Johnson-Reed Act (United States) (1924)

2011-02-21 14:05:44

Making permanent the principle of national origin quotas, the Johnson-Reed Act served as the basis for U.S. immigration policy until the McCarran-Walter Immigration and Naturalization Act (1952). The measure established an overall annual quota of 153,700, allotted according to a formula based on 2 percent of the population of each nation of origin according to the census of 1890. Countries most favored according to this formula were Great Britain (43 percent), Germany (17 percent), and Ireland (12 percent). Countries whose immigration had increased dramatically after 1890—including Italy, Poland, Russia, and Greece—had their quotas drastically slashed.
Following passage of the Emergency Quota Act in 1921, isolationist opinions hardened in the country. As the politics of eastern Europe remained turbulent, the Soviet experiment became more publicized, and the racialist message of eugenics became more widely accepted, American politicians determined that a permanent measure to dramatically reduce immigration was needed.
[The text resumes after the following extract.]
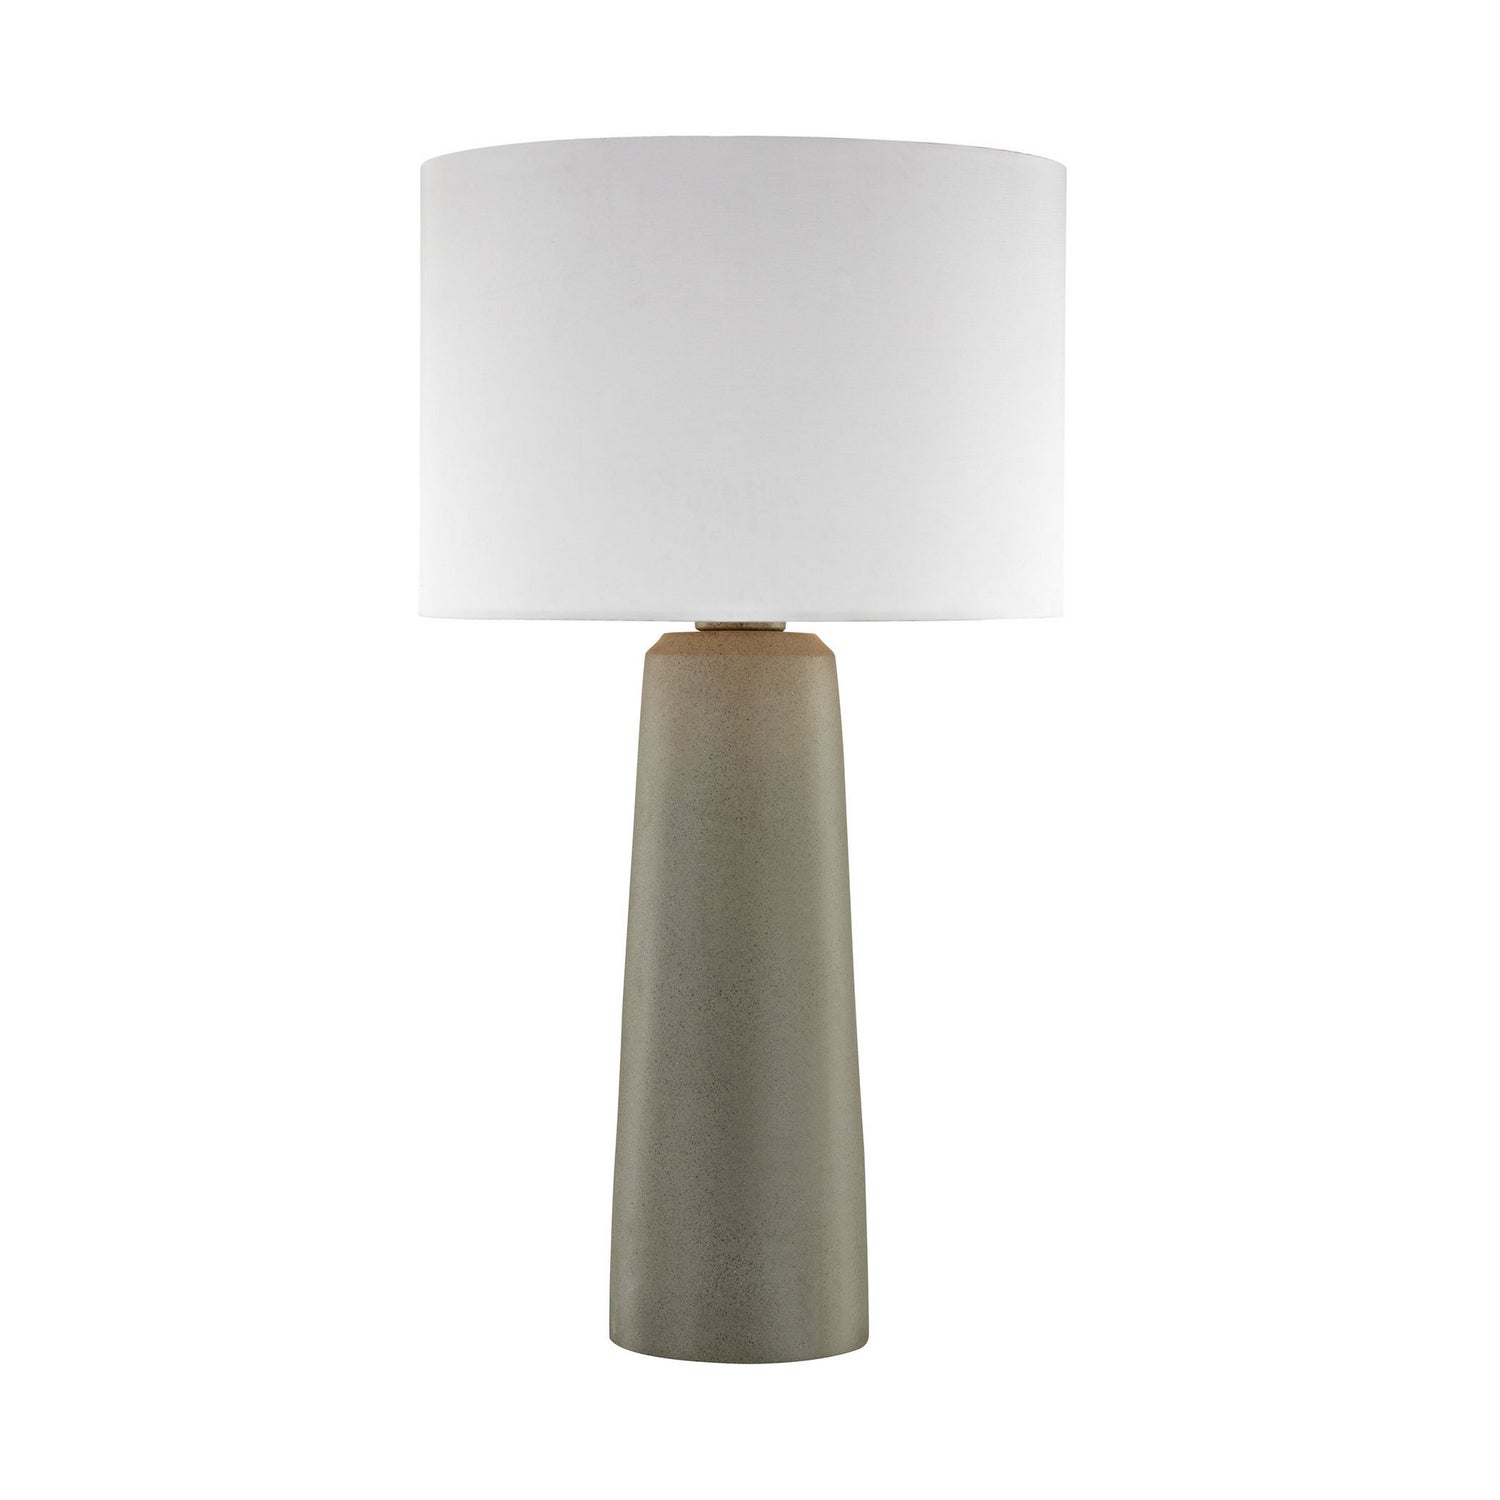 ELK Home - D3097 - One Light Table Lamp - Eilat - Polished Concrete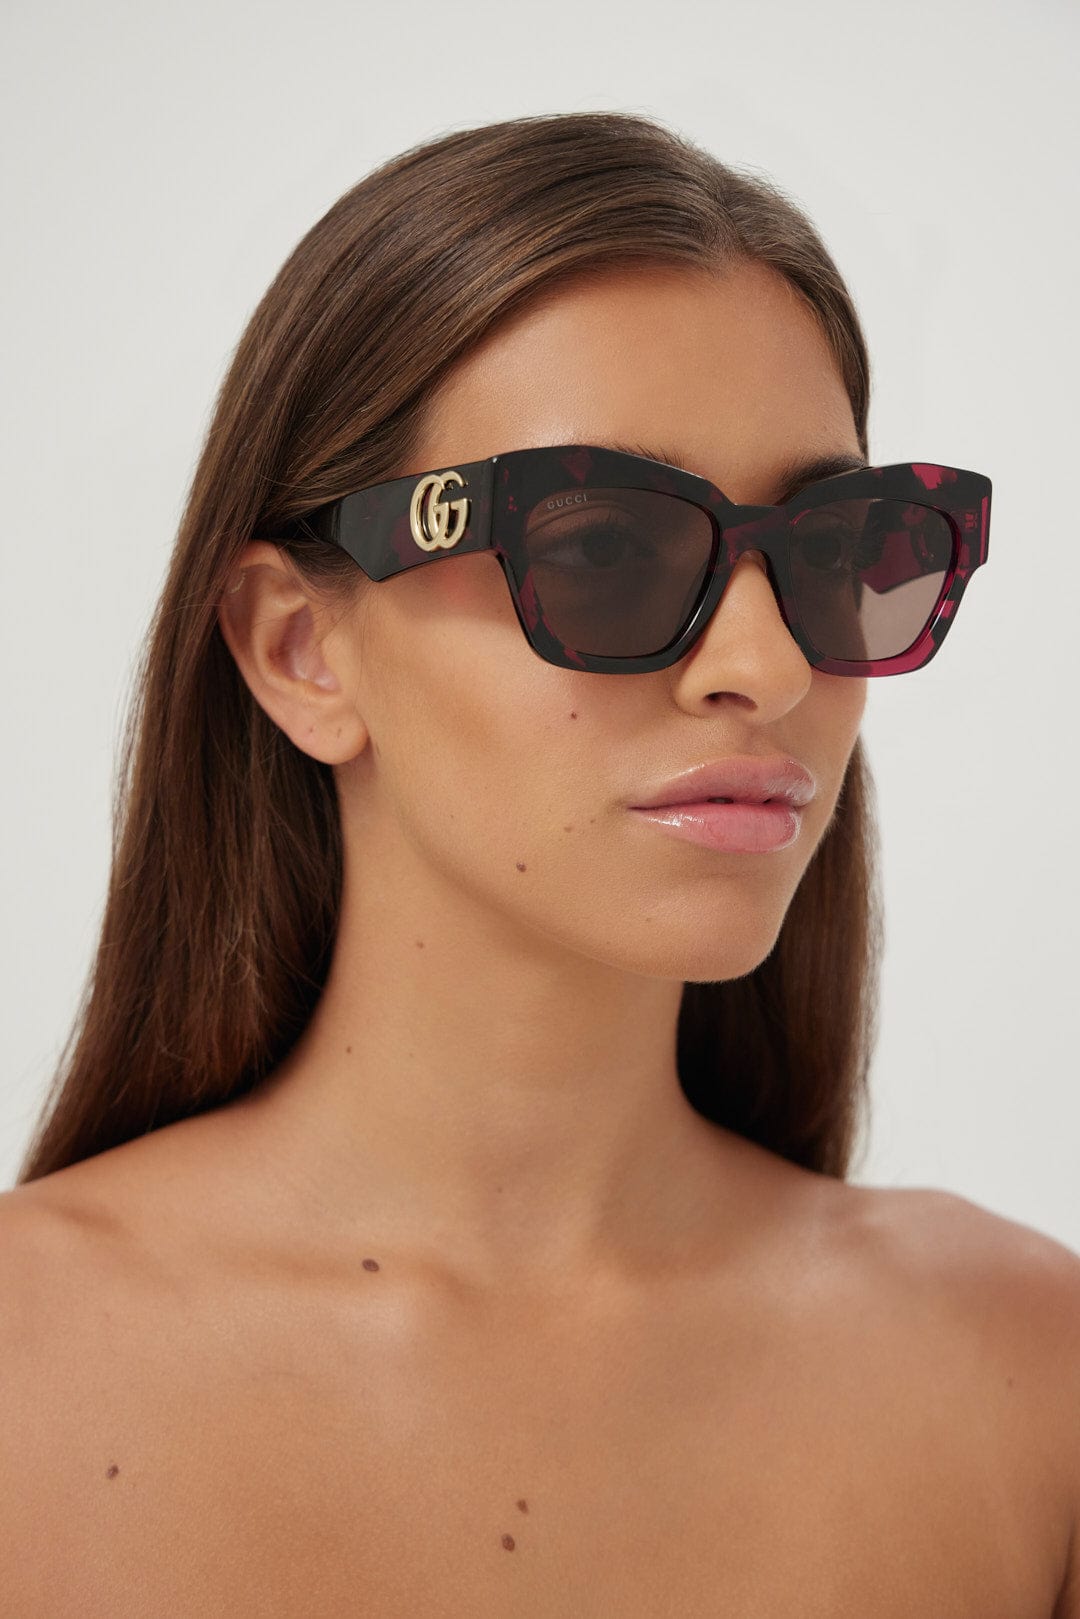 Gucci pink chuncky cat eye sunglasses - Eyewear Club

The Johnson-Reed Act ensured that the vast majority of future immigrants would, in the words of Tennessee congressman William Vaile, “become assimilated to our language, customs, and institutions,” and “blend thoroughly into our body politic.” Immigrants born in independent countries of the Western Hemisphere were not subject to the quota. Other nonquota immigrants included wives of citizens and their unmarried children under 18 years of age; previously admitted immigrants returning to the country; ministers and professors, their wives, and their unmarried children under 18; students; and Chinese treaty merchants. The Johnson-Reed Act prohibited entry of aliens not eligible for citizenship, thereby formally excluding entry of Japanese, Chinese, and other Asian immigrants. The 2 percent formula was designed to be temporary and was replaced with an equally restrictive formula in 1927 that provided the same national origin ratio in relation to 150,000 as existed in the entire U.S. population according to the census of 1920.